Assembly Bill 1054’s DROP proposal would increase risks for CalPERS

Lawmakers should be aware that DROP programs can create significant costs and funding risks for public pension systems.

A version of the following public comment was submitted to the California State Senate Labor, Public Employment and Retirement Committee on May 12, 2026.

DROP plans, like the one proposed in Assembly Bill 1054, aim to appeal to the most experienced members by granting additional benefits to workers who have already reached retirement age. They allow an employee to “retire” on paper while continuing to work, diverting their monthly pension payments into a separate guaranteed interest-bearing account that is paid out as a lump sum when they officially leave the workforce. While other state and local governments have adopted similar programs, lawmakers should be aware of the unique costs and funding risks that a DROP can pose to government pensions.

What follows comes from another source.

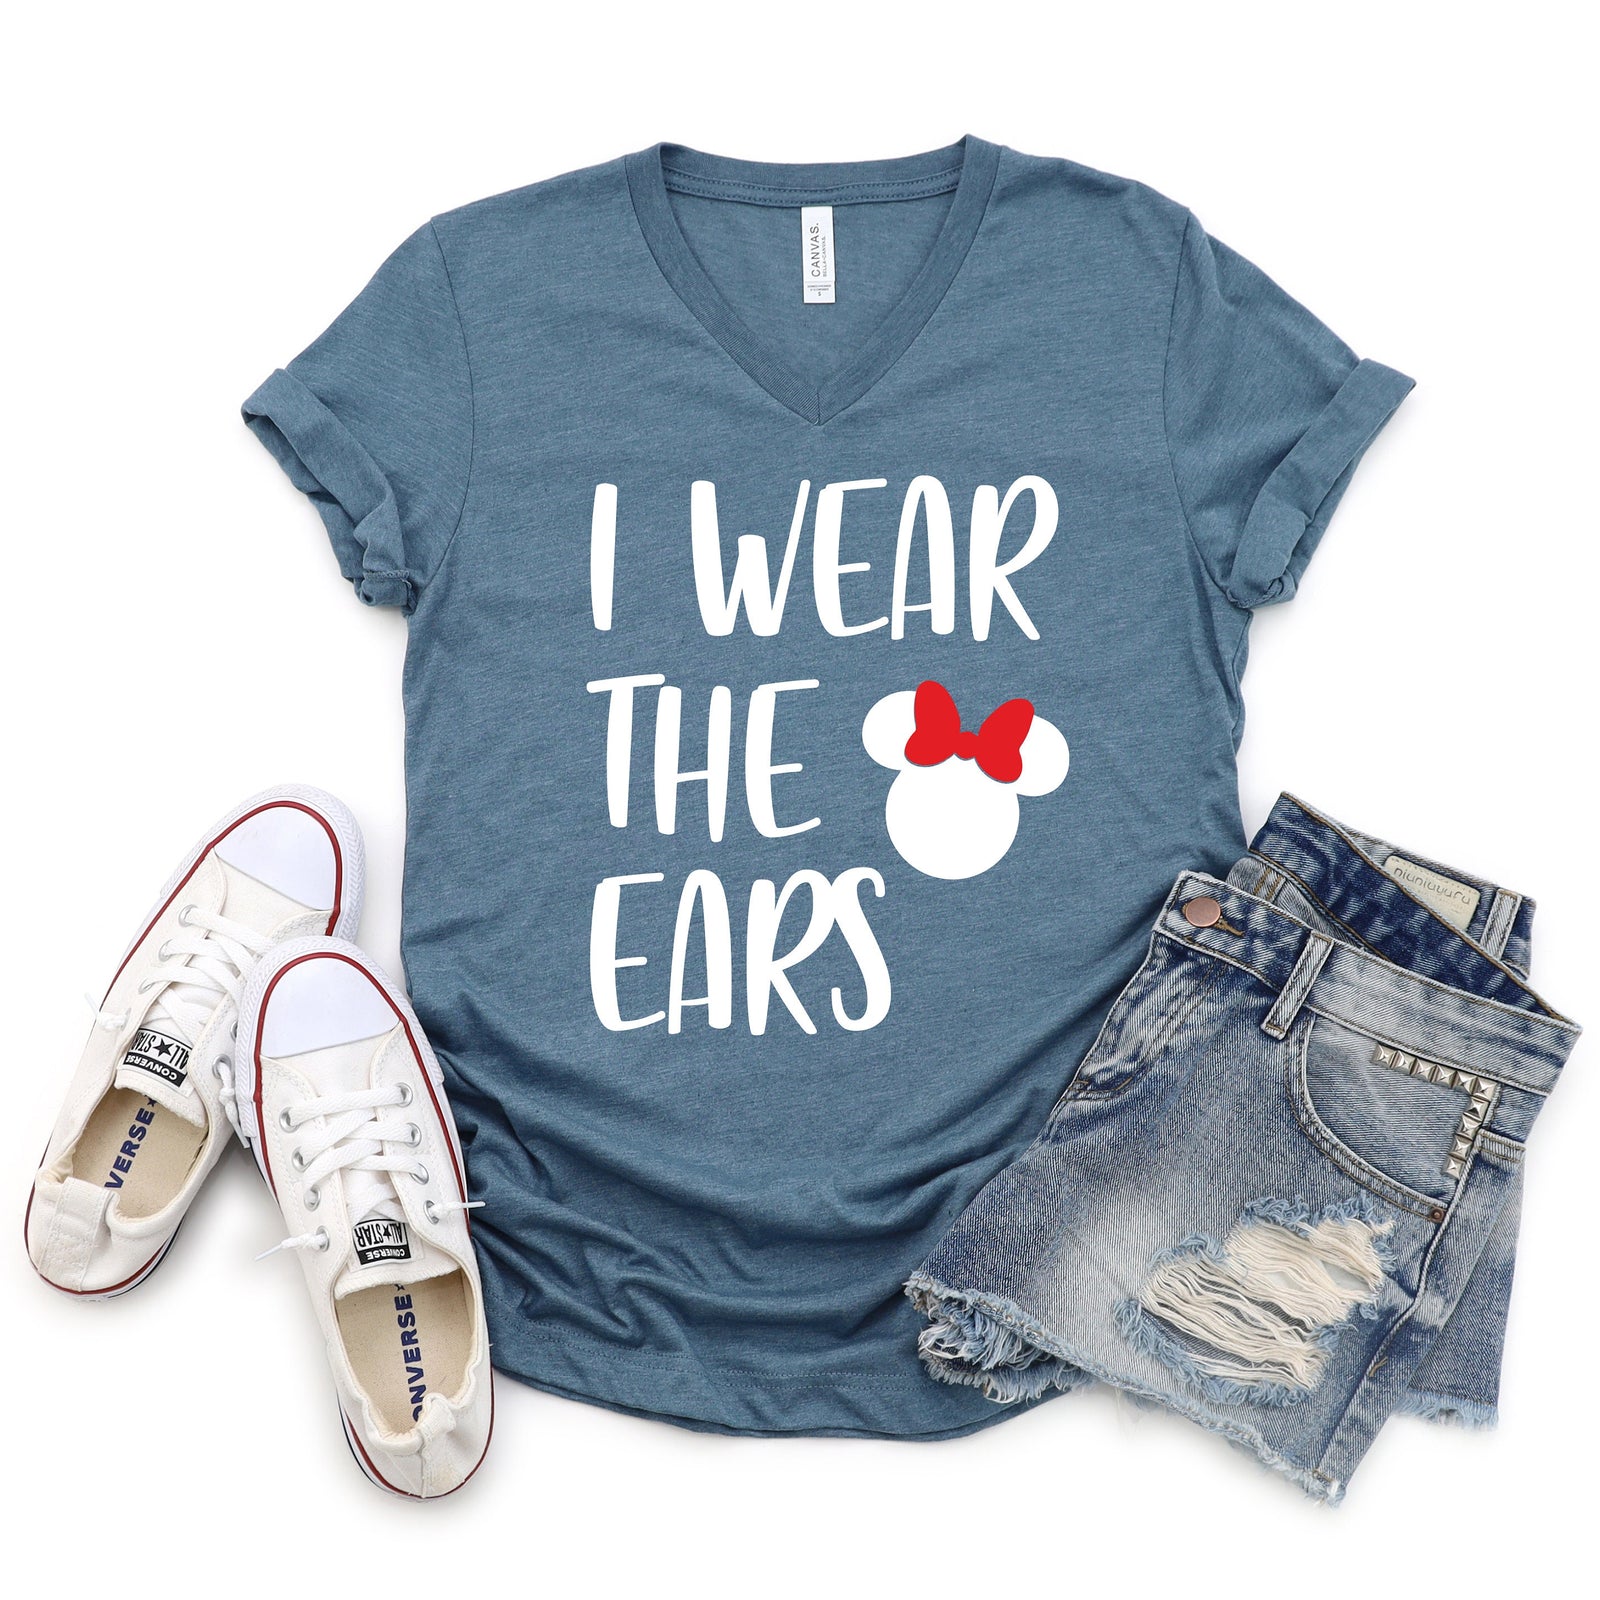 I wear the Ears and I Buy the Beers Matching Disney Couples Shirts - Minnie and Mickey Adult T Shirts

  • A DROP changes the way a pension system can invest its assets. As the system chases illiquid assets to hit an assumed rate of return, a DROP puts more pressure on liquidity needs.
  • Actuarial Standard of Practice (ASOP) No. 51 warns that a DROP could expose pensions to a significant cash flow risk. CalPERS’ aim to achieve assumption targets becomes more challenging with added volatility, and there is an increased risk of underfunding if more assets must be held back to pay for large DROP lump sums.
  • According to an Assembly Appropriations report on AB 1054, previous CalPERS actuarial cost analyses found that a DROP is unlikely to be cost-neutral to CalPERS. Approximately 75% of peace officers remain beyond their retirement age stipulated by their pension benefit. Most members eligible under AB 1054 would be expected to retire and participate in the proposed DROP rather than continue working without additional pension benefits. Due to this eventuality, a DROP will drive up employer costs by an uncertain amount.

The implementation of a DROP also fundamentally alters the actuarial framework of a public pension system. To maintain fiscal stability, plans conduct regular experience studies to ensure retirement age assumptions align with reality. For example, while CalPERS allows for retirement at age 57 for public safety members, funding is often based on an observed average retirement age above that. A DROP disrupts this funding model by incentivizing members to enroll at the earliest possible eligibility date. This shift forces the pension system to downwardly revise its assumed retirement age, necessitating higher contribution rates to maintain adequate funding levels. This financial pressure is particularly acute for public safety benefits, which already feature lower retirement ages and early-exit options.

Rather than granting new benefits with uncertain costs, we recommend focusing on clear policy and funding guardrails that continue the work toward paying down $165 billion in CalPERS unfunded pension liabilities. We would welcome any opportunity to continue the conversation and share our data and experience working in state capitals throughout the country on these important issues.